Good Morning,


In case you had not heard it 4,578 times already, history suggests August is the worst month for the Dow Industrials, with an average loss of 1.39% over the last 20 years.


The good news?  Don’t fret – September is the worst month if you want to check the last 50 and 100 years.


The funny part most people miss though as they focus on the bad is that the fourth quarter is usually very strong.  If one cares to review, October, November, and December have averaged gains of 1.96%, 1.93%, and 1.47%, respectively, over the last 20 years.


For those who like math, that’s a compounded quarterly gain of 5.5% for Q4’s vs. a 1.3% average loss for Q3’s.


Not too shabby right?


This helps explain why I start suggesting we “pray for a summer swoon” starting about May 1 of each year.




The great former Fed Chairman, Alan Greenspan, warned us all last week that he has new and growing “ominous” concerns about a bond bubble.  We have covered the bond bubble for so long I yawn when I type it.


Here is something to note of importance:  Alan is 91 years old now.  As has been previously pointed out, records show he traditionally has had most of his money invested in Treasury securities.


Sadly, like many retired folks, right after their healthy stuff each day – the morning run, coffee, yoga lessons and 5K sprints – worrying seems to be the new national pastime for those who watch too much financial TV.


The Good News?


I read a nice piece from Mr. Navellier.  It pointed out that current Fed Vice Chairman Stan Fischer does not seem to share Mr. Greenspan’s “concerns” as the former gave a long speech last week that attempted to explain that global interest rates remain stuck at historically low levels, even though the Fed has been raising key short-term interest rates.


His message?  Basically – don’t be afraid.

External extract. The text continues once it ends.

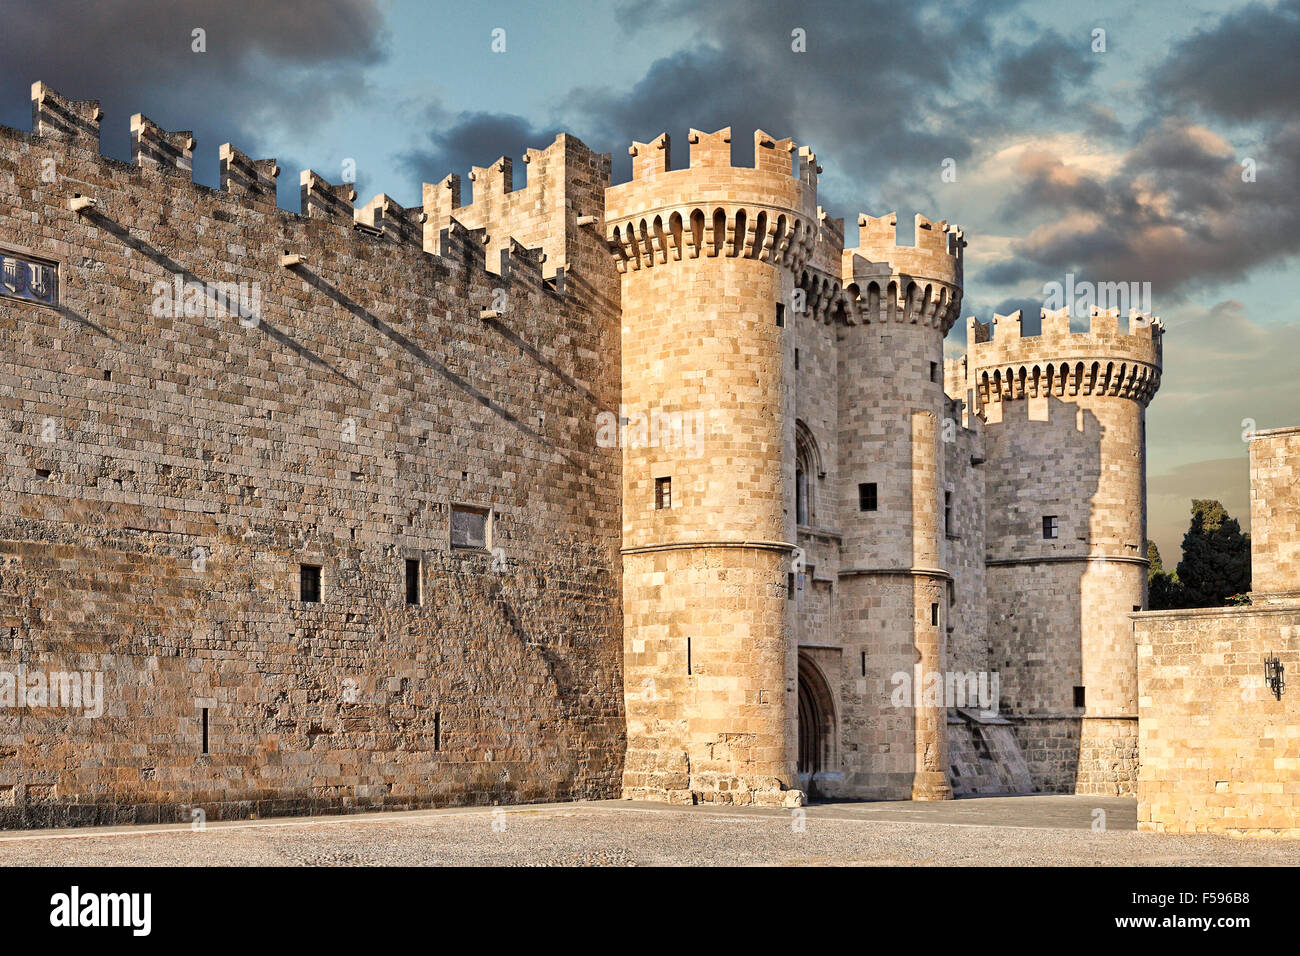 Le Palais du Grand Maître des Chevaliers est un château médiéval dans la vieille ville de Rhodes, Grèce Banque D'Images

Many experts clearly remain puzzled by the fact that bond yields remain ultra-low as fixed income investors strive to find higher yields.  We suspect that confusion will continue for sometime as highlighted yesterday in your notes:

The Culprits?


One thought:  Generation Y is a deflationary, hard-charging, high-tech driven force.  They are moving through every sector of our economy.  The changes are just beginning.  If you could see what is “in the pipeline” your head would spin – mine too.


Indeed, a serious lack of inflation (and an even more serious bout of long-lasting internals fears) is keeping bond yields so low across the globe, the Fed has stopped raising key interest rates until inflationary pressures reemerge.

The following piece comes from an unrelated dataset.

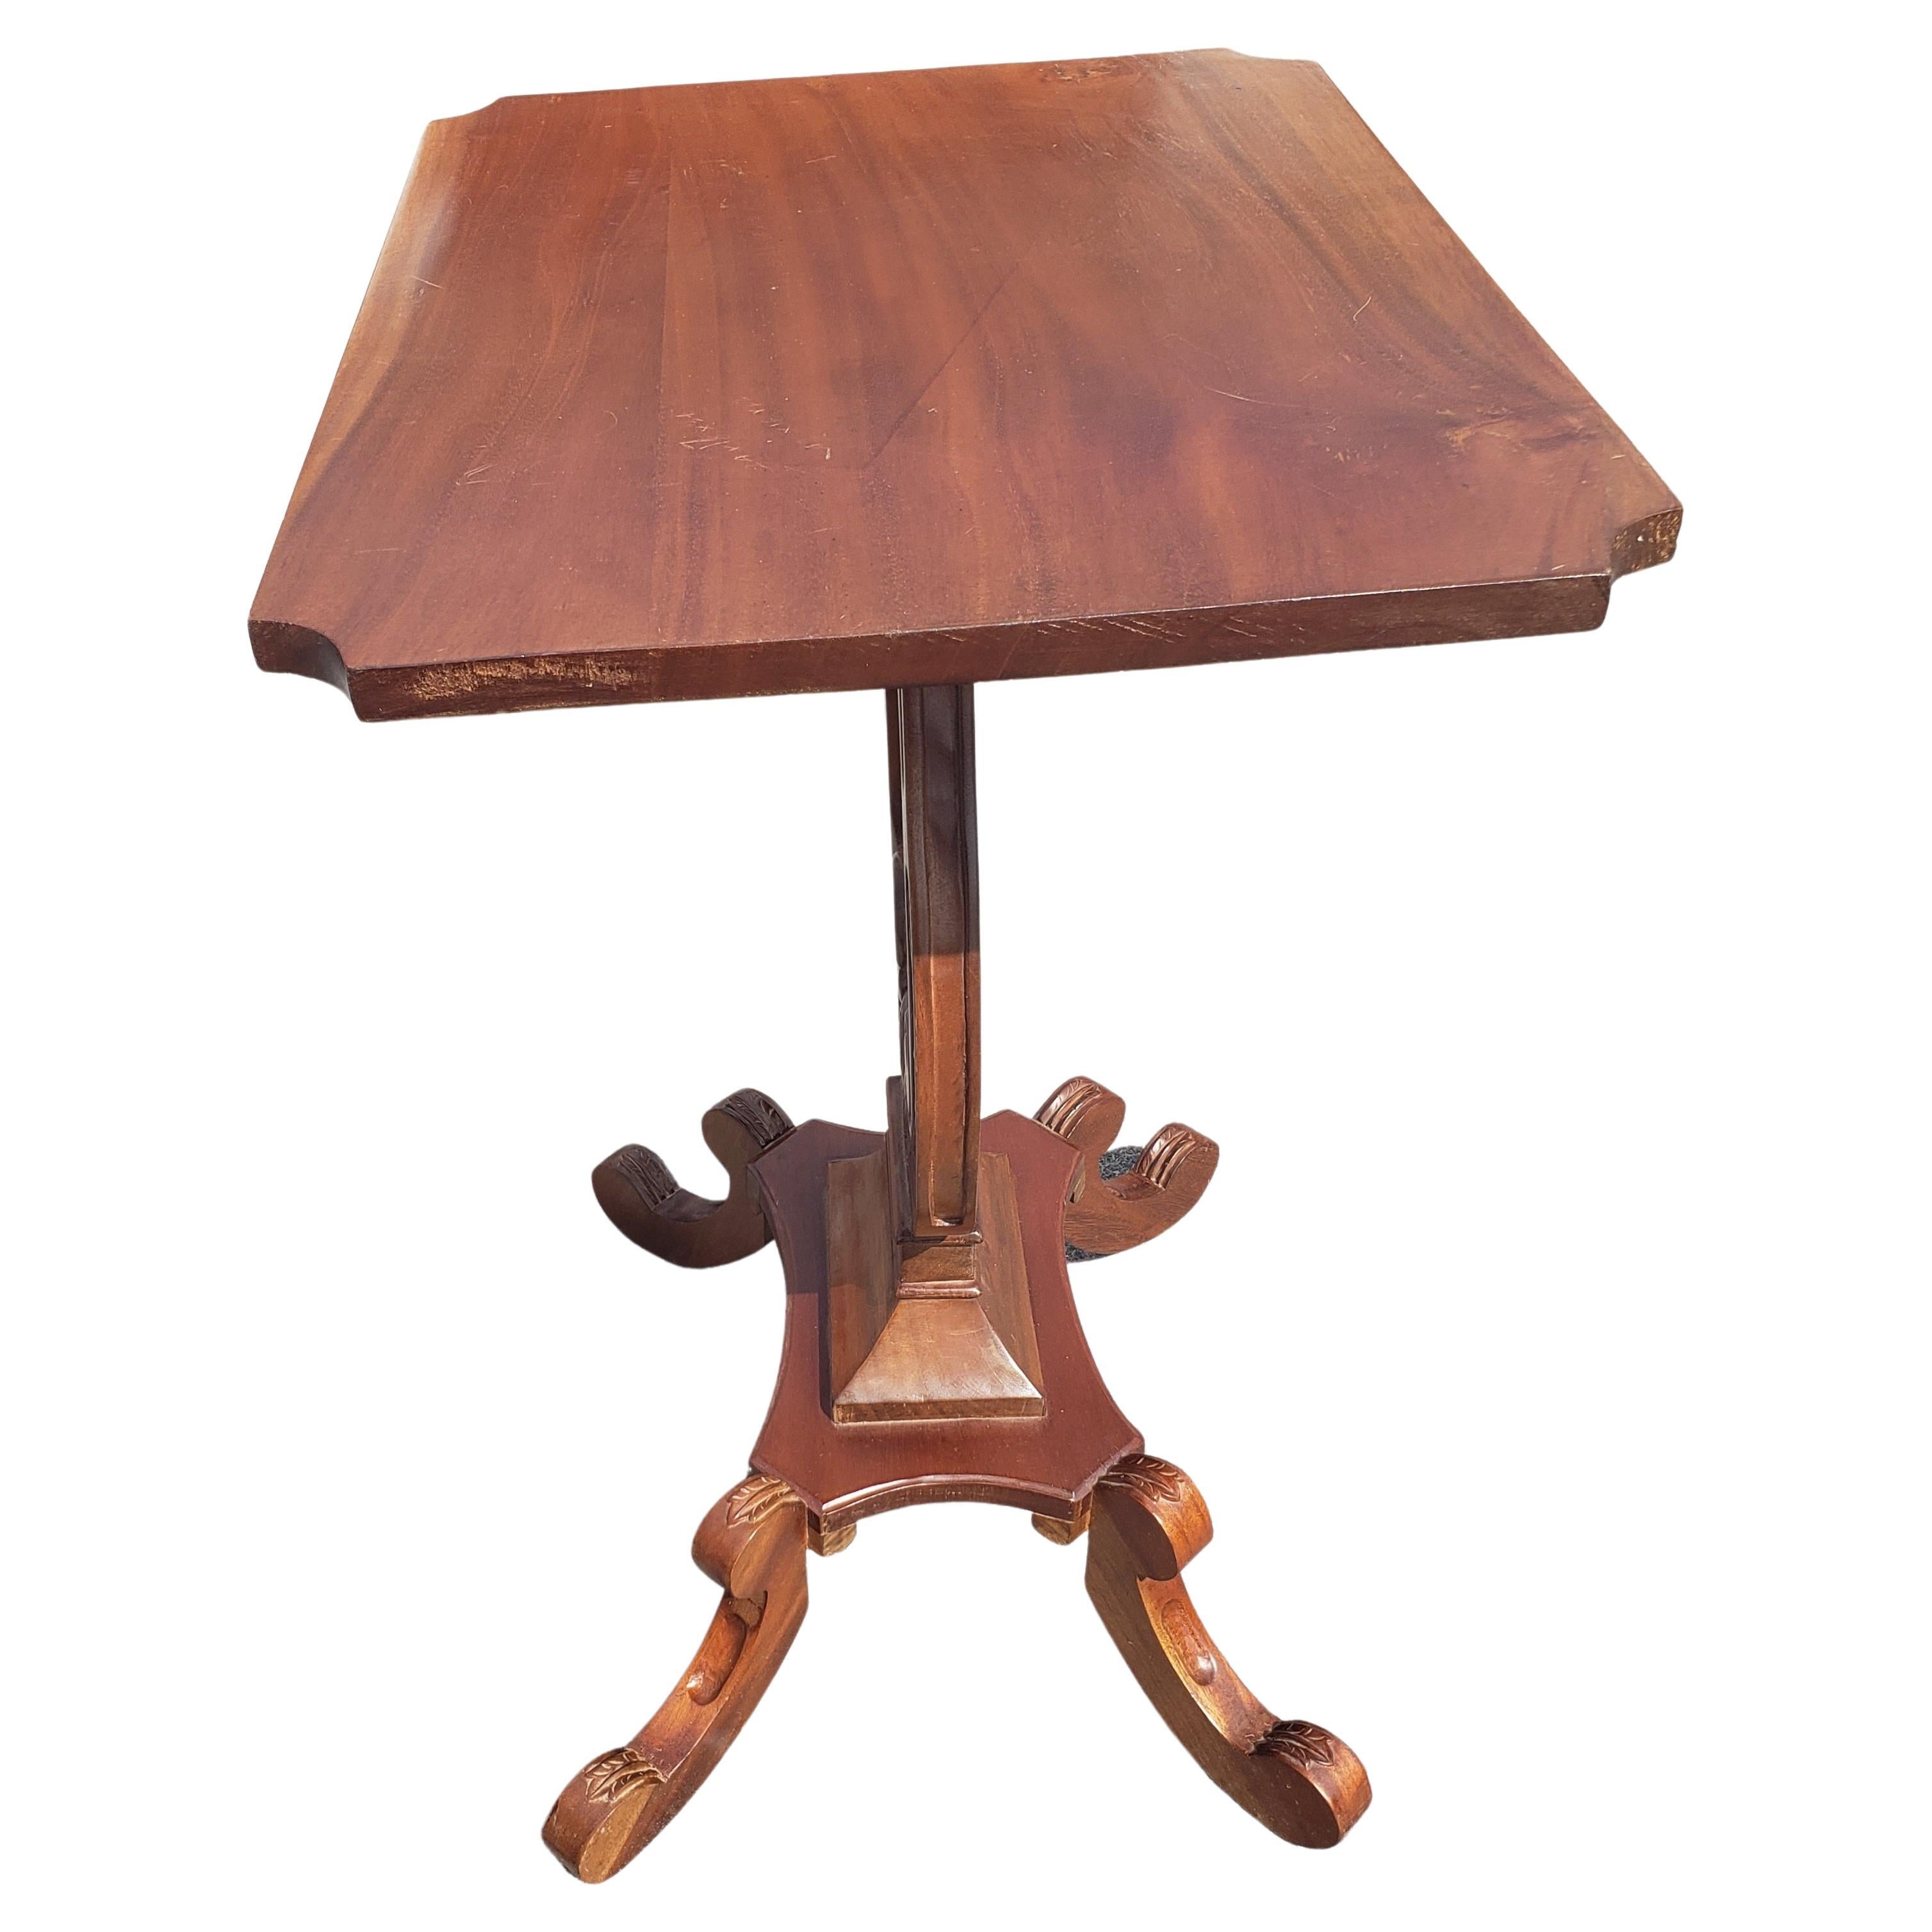 Beistelltisch aus amerikanischem Empire-Mahagoni mit rechteckigem Leiersockel, 1940er Jahre 
Guter Vintage-Zustand. Der Tisch wurde in den letzten Jahren neu lackiert.
Maße: 21

By the way – in case you are worried about rates – the notes above are positive.


More Good Stats


The good news Friday was on jobs.  The Labor Department announced that 209,000 new payroll jobs were created in July, significantly higher than economists’ consensus estimate of 180,000.


The unemployment rate declined to the lowest level in 16 years.  Average hourly earnings rose again to $26.36 per hour.


This likely explains two things:  a) why retail sales remain on a steady upward clip and b) why the latest job openings skyrocketed to new highs – and no one even smiled.

By the way–check the stats below on the surge in chip sales.


Who do you think is driving that?:

One Overlooked Element?


The Commerce Department announced that the trade deficit declined by 5.9% in June – to an 8-month low!


In June, exports rose by 1.2% to $194.4 billion, which is the highest level since late 2014. One can expect that with a smaller June trade deficit, the next read on second-quarter GDP will likely need to be revised higher.


Slowly but surely, we are inching closer to that 3% GDP growth as the trade deficit shrinks, oil costs fall, tech use increases and our exports surge.


Just so you know ahead of time though, bears will have some ammo on new fears to instill into your quiet mind soon:  When Apple introduces the iPhone 8, expect imports to be much, much higher – creating a near-term headline.


But, focus on this instead:  The empowerment those new phones will bring should easily ignite even more productivity and business growth.


So, don’t sweat the small stuff.


Relax friends.  This is early…in a very long game.


The generational dynamics moving through our economy are setting the pace for decades to come.  Not weeks or months.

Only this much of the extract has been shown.